Olivers Place

Random stuff I do...

AI is a winner-takes-all game.

Various people have talked about the lack of a ‘moat’ for AI companies, and so far that appears to be the case. Lots of companies are producing LLM’s and running them with razor thin margins, and all users flock from one service to another as better quality models are released.

But I believe that is going to come to an end soon. A winner will emerge. And here is why:

On free plans, AI companies collect all input and output.

Up till now, there has been no good way to turn conversation histories from millions of users into improved AI models.
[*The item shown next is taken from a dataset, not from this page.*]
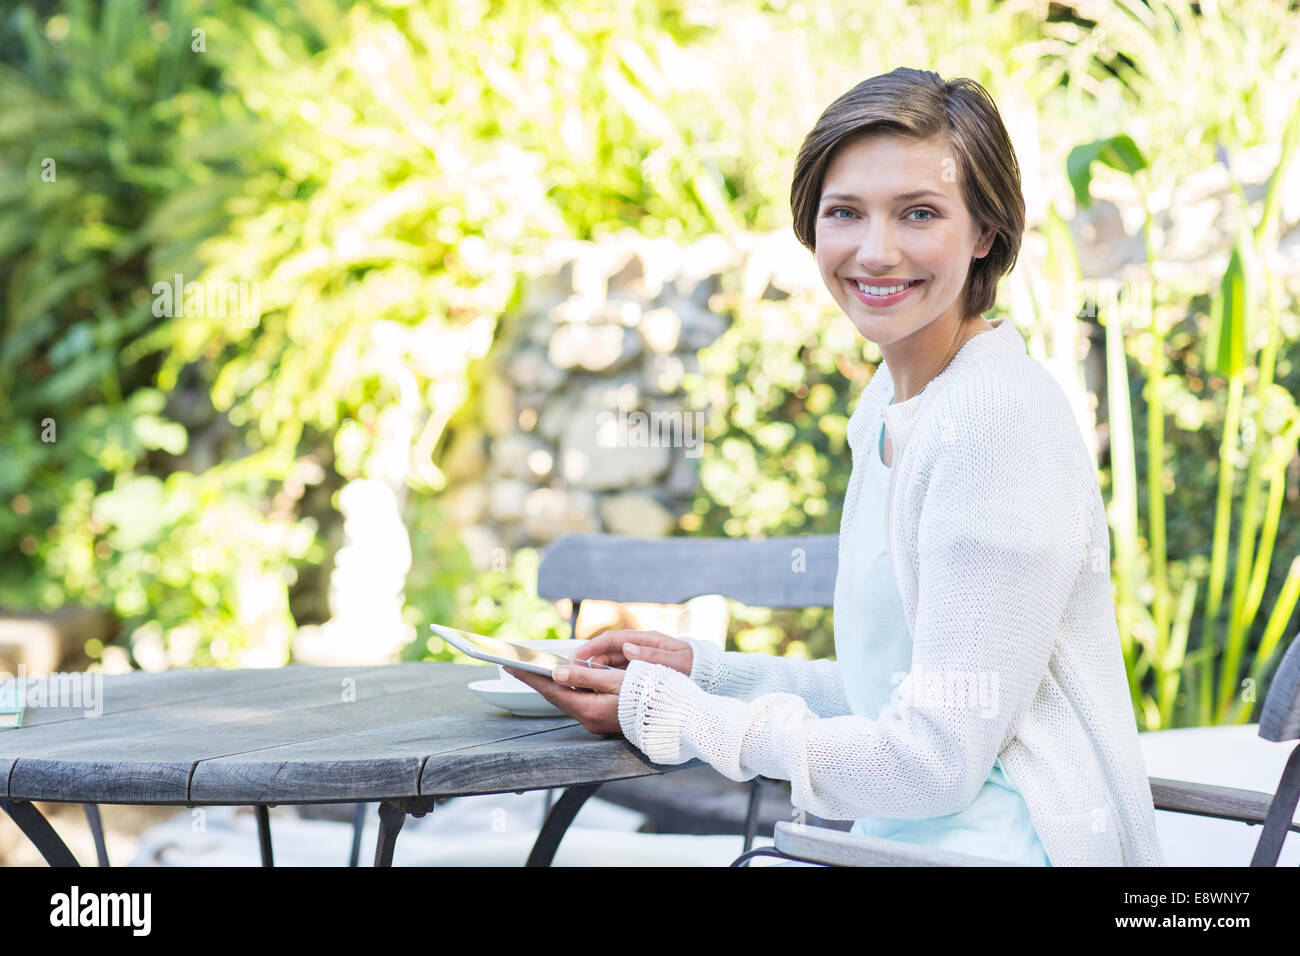 Woman using digital tablet at table outdoors Stock Photo

Yes, there are a few approaches for reinforcement learning from user ‘happyness’ signals, but not many - and each click of ‘thumbs up’ is a single ‘bit’ of data in a world where we want gigabytes. It doesn’t scale.

Training from the ‘final solution’

That is changing. Agent models who try to achieve some task often try multiple solutions, and one succeeds. That is a great training signal - the next version of the model can go straight to the perfect solution. The more people use a particular companies LLM, the more examples of wrong and correct solutions will be found, and therefore the better it will get.
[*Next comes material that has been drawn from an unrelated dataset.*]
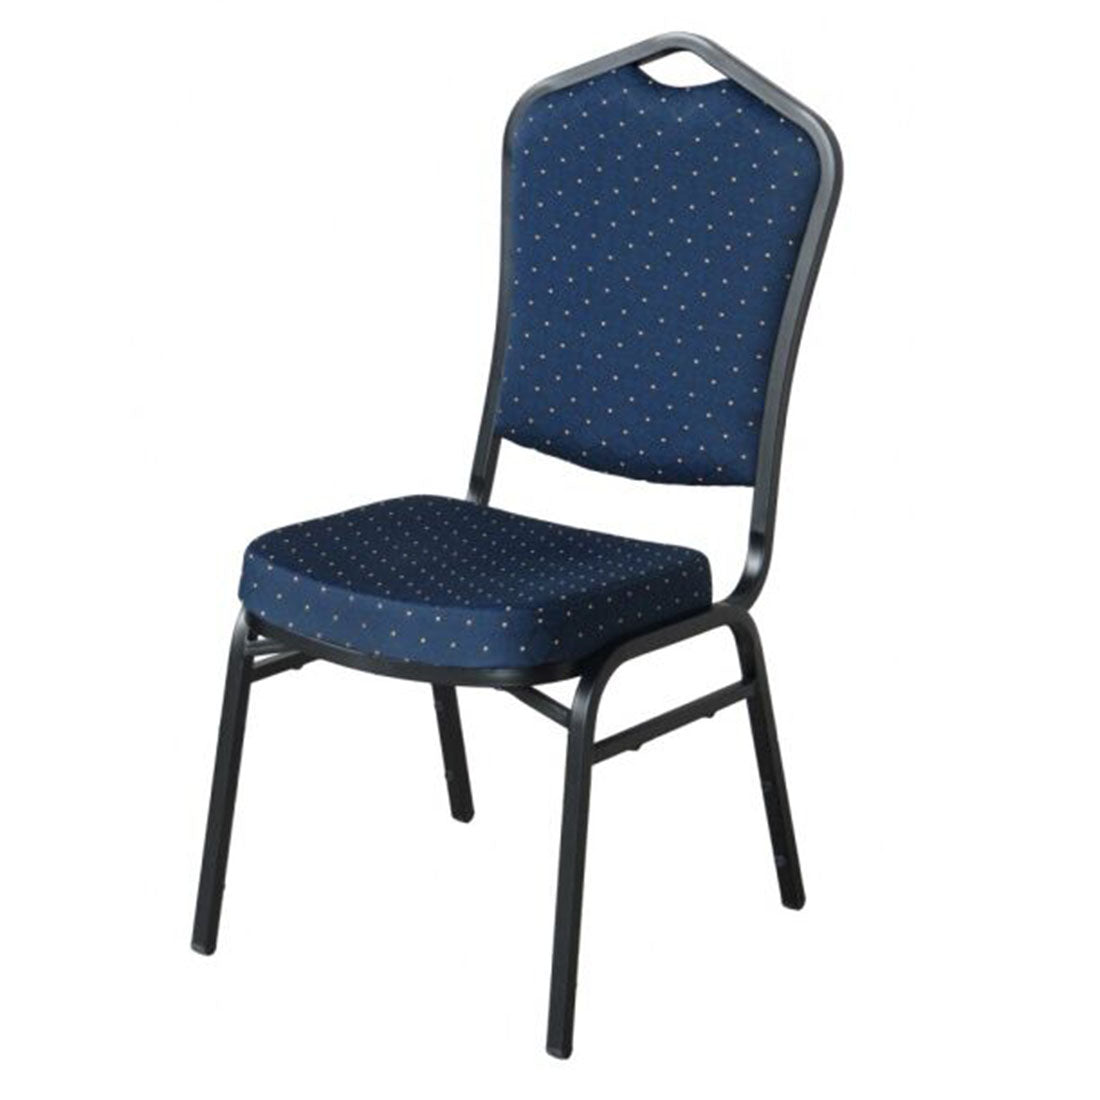 Function Chair - switchoffice.com.au

Training from your private data

Thats only the start too. Agent models often get to see a lot of content in the course of their work - code, webpages, etc. All that data can be used for AI training too - and there is a lot more private code and text in the world than public code. As well as being used for the pretraining, this data can be used for synthetic tasks. Eg. “Take this users iOS app and imagine porting it to MS DOS”. “Take this users wedding speech and make it a rhyming poem without the letter ‘e’”. “Take this set of company accounts and highlight potential illegal expenses”.
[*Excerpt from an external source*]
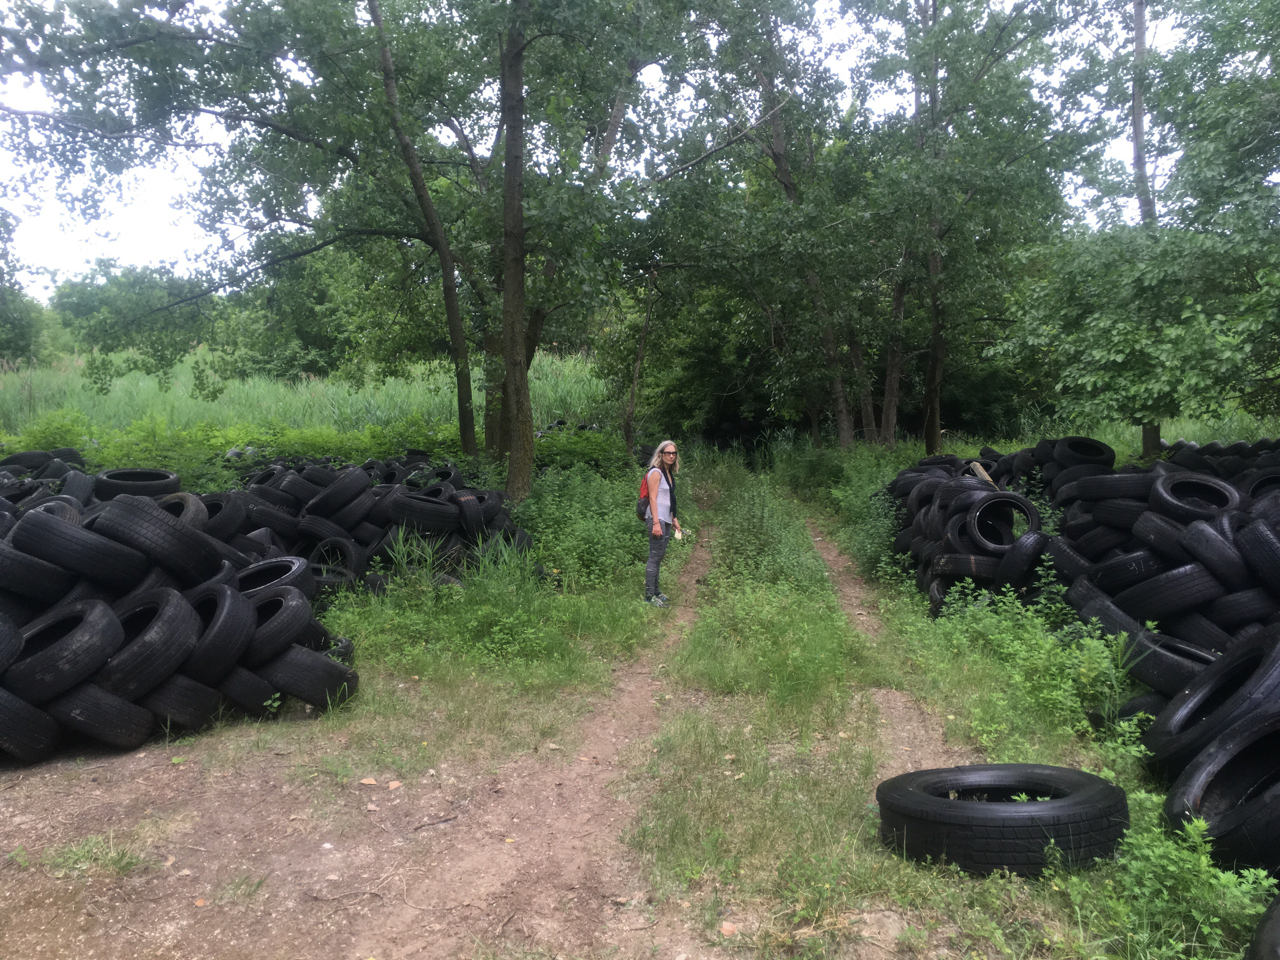 author in a field of tires

They are mostly pointless tasks, but they’re things where the result can be evaluated by another LLM, and that used to finetune the model. Children do the same - building a tower of play blocks isn’t a useful task, but it is good for learning. Getting ahold of large amounts of user data is key to this approach. Then you use an LLM to set the tasks, an LLM to evaluate the results, and then do differential training to reinforce more successful approaches to solving the problem.

These ‘pointless tasks’ each individually don’t have much training value - testing out 2 approaches to a problem and deciding which leads to better results is only a single ‘bit’. But when data is limited and compute is cheap, it becomes worth it…

As compute gets cheaper, data will become the limiting factor

When data is the limiting factor, he who has more data gets better results. And when you have better results, you get more users. Those users give you more data, and the flywheel means that before long there will only be 1 leading AI company. It will be the one who manages to extract most from user chat histories.